Nytorv 19 is constructed in brick with four storeys over a walk-out basement. The five-bays-wide facade is plastered and painted in a bluish-grey colour. It is finished with a white-painted band above the exposed part of the basement, a white-painted cornice band above the ground floor and a modillion cornice below the roof. A frieze with festoon ornamentation is seen above the three central windows of the first floor. It is flanked by two short blank friezes above the lateral windows. A frieze is also seen above the three central windows of the second floor but it is without festoon ornamentation and not flanked by friezes above the lateral windows. The three central windows of the first and second floor are also accented with white-painted framing, marginally more so on the first floor where the sills are supported by corbels. The main entrance is located in the bay furthest to the left (east). The door is topped by a hood mould supported by corbels. The entrance to the ground floor is located in the bay furthest to the right (west).

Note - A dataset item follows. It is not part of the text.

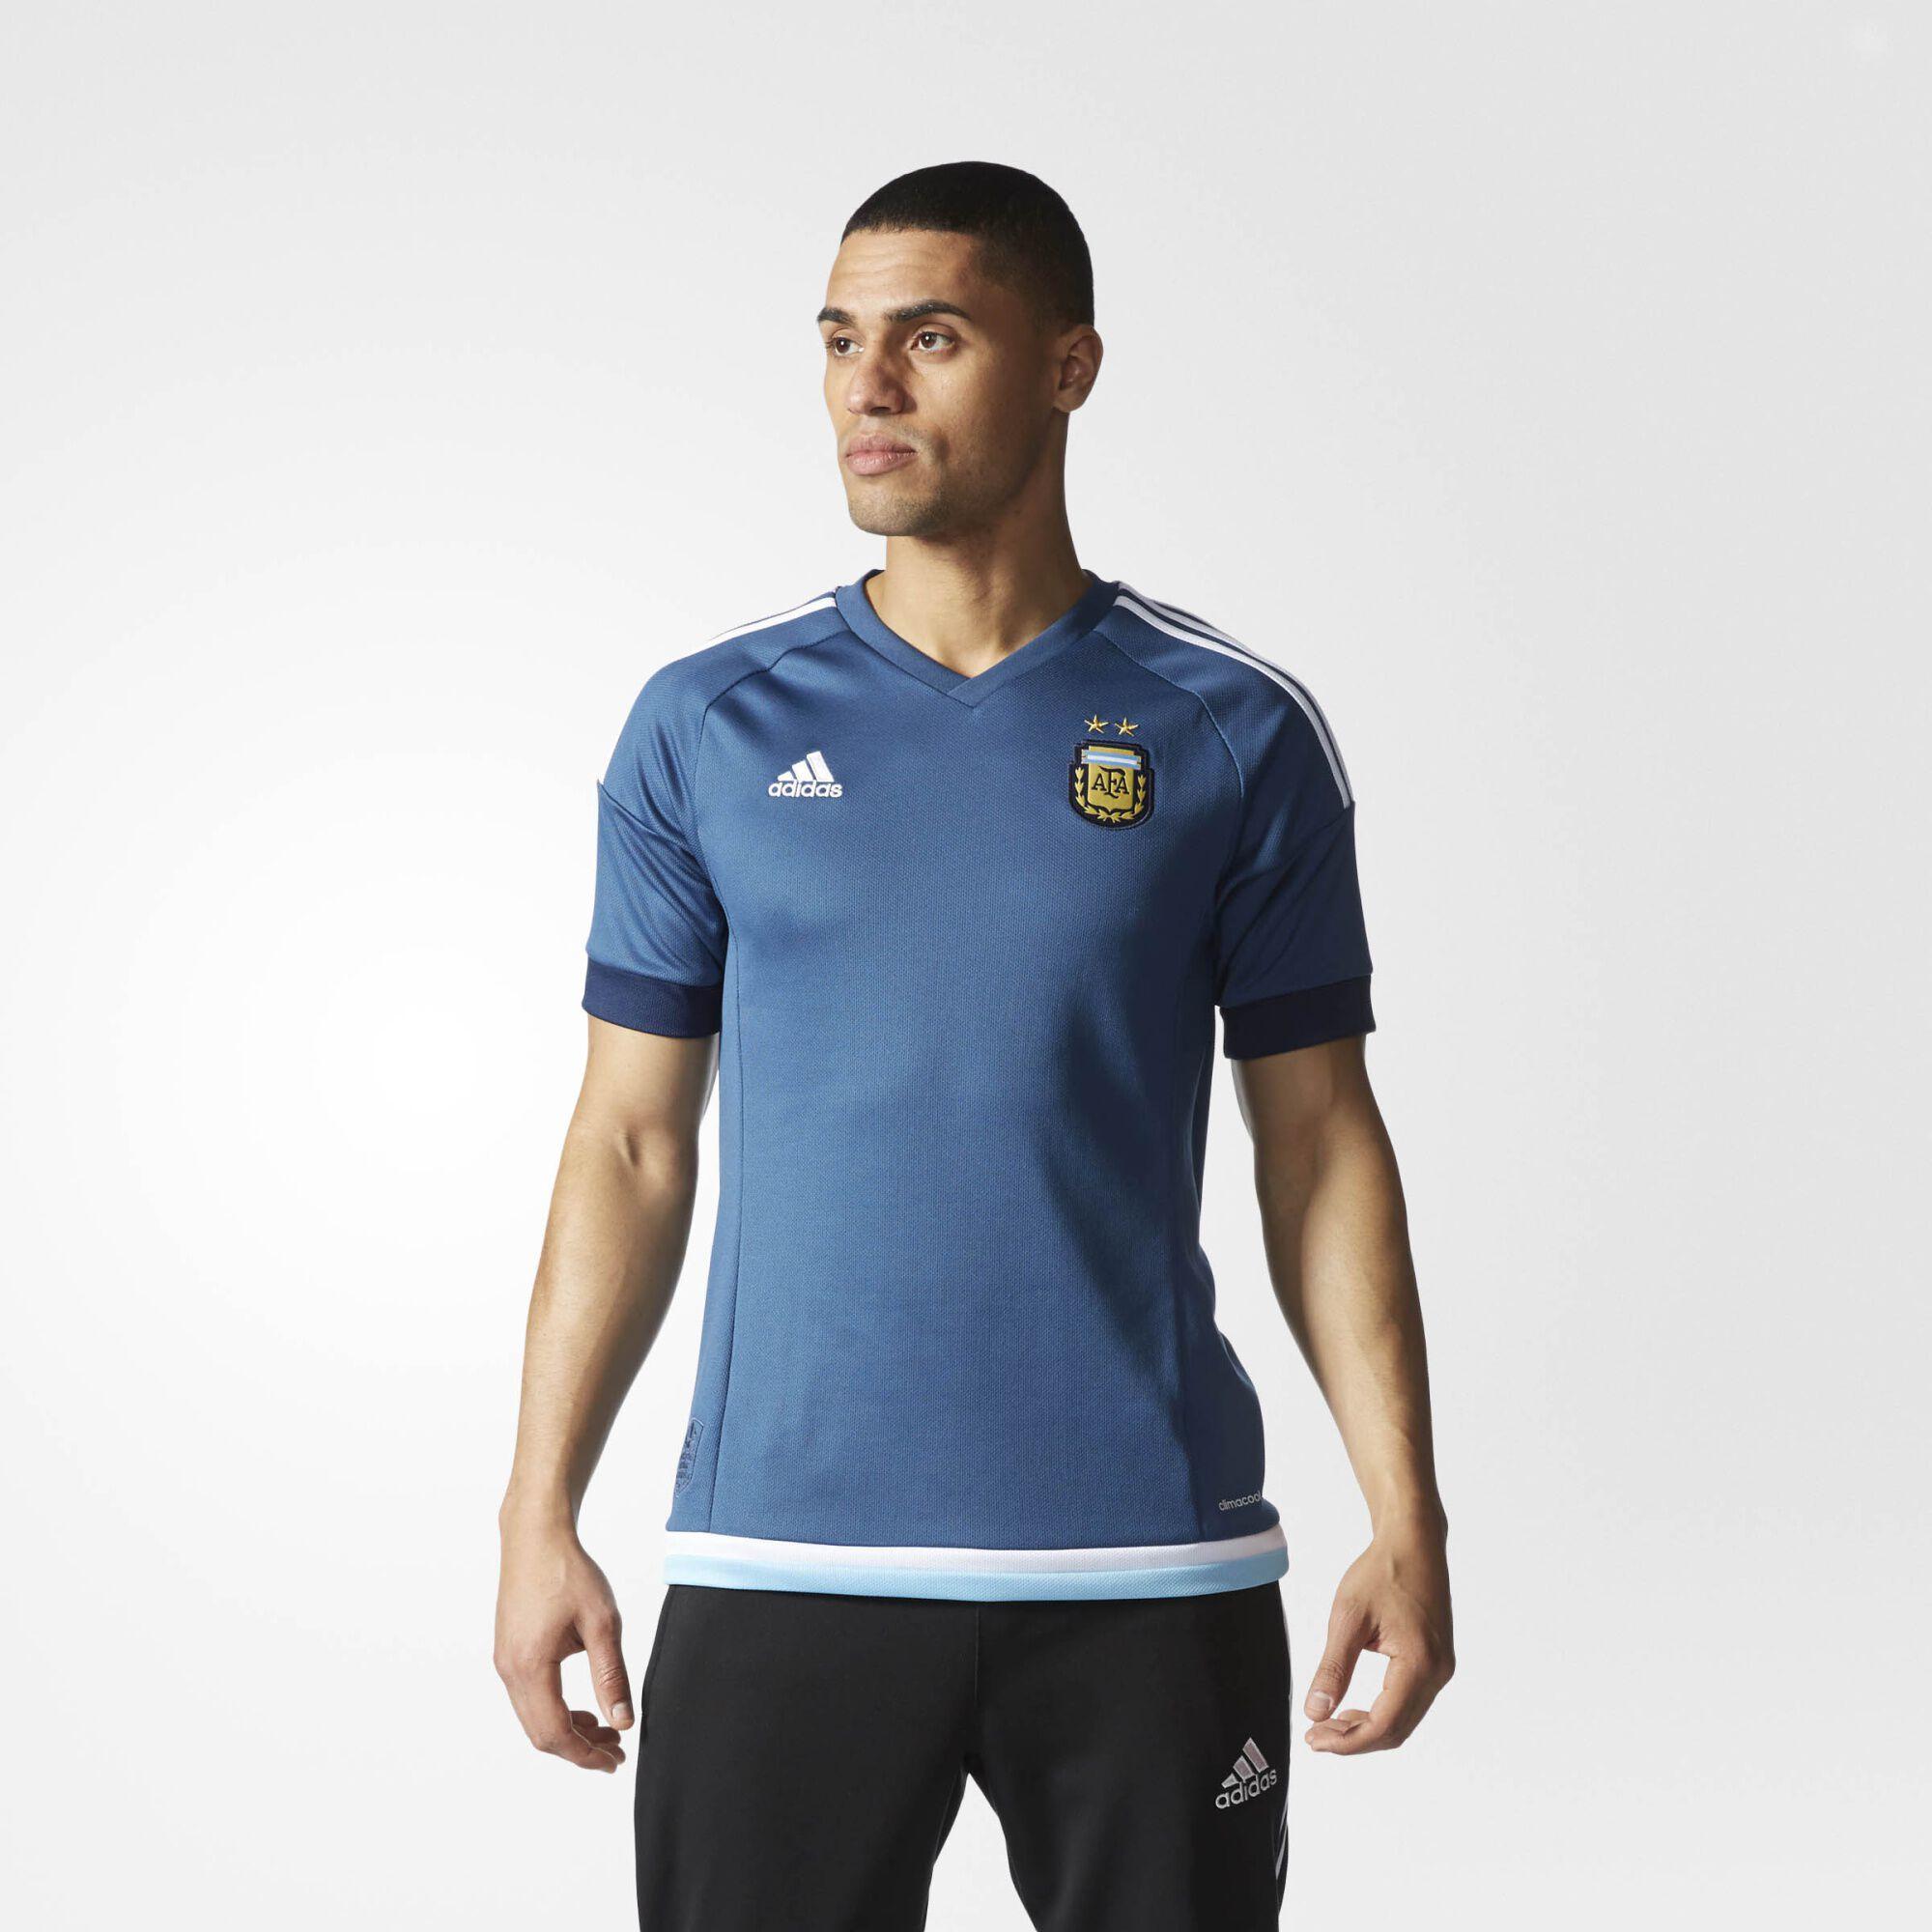 Adidas Argentine

A basement entrance is located in the second bay from the left. The pitched black-glazed tile roof features three dormer windows towards the square. The roof ridge is pierced by a central chimney. A three-bays-long side wing extends from the rear side of the building along the boundary to No. 21 (Copenhagen Jailhouse). A secondary staircase appendix projects from the side wing. It is integrated with the front wing via a canted corner bay. The yard side of the building complex is plastered and painted yellow.

==Today==
The building is now owned by Frederik Brøndum. A restaurant occupies the ground floor and basement of the building. The three upper floors are used as office space.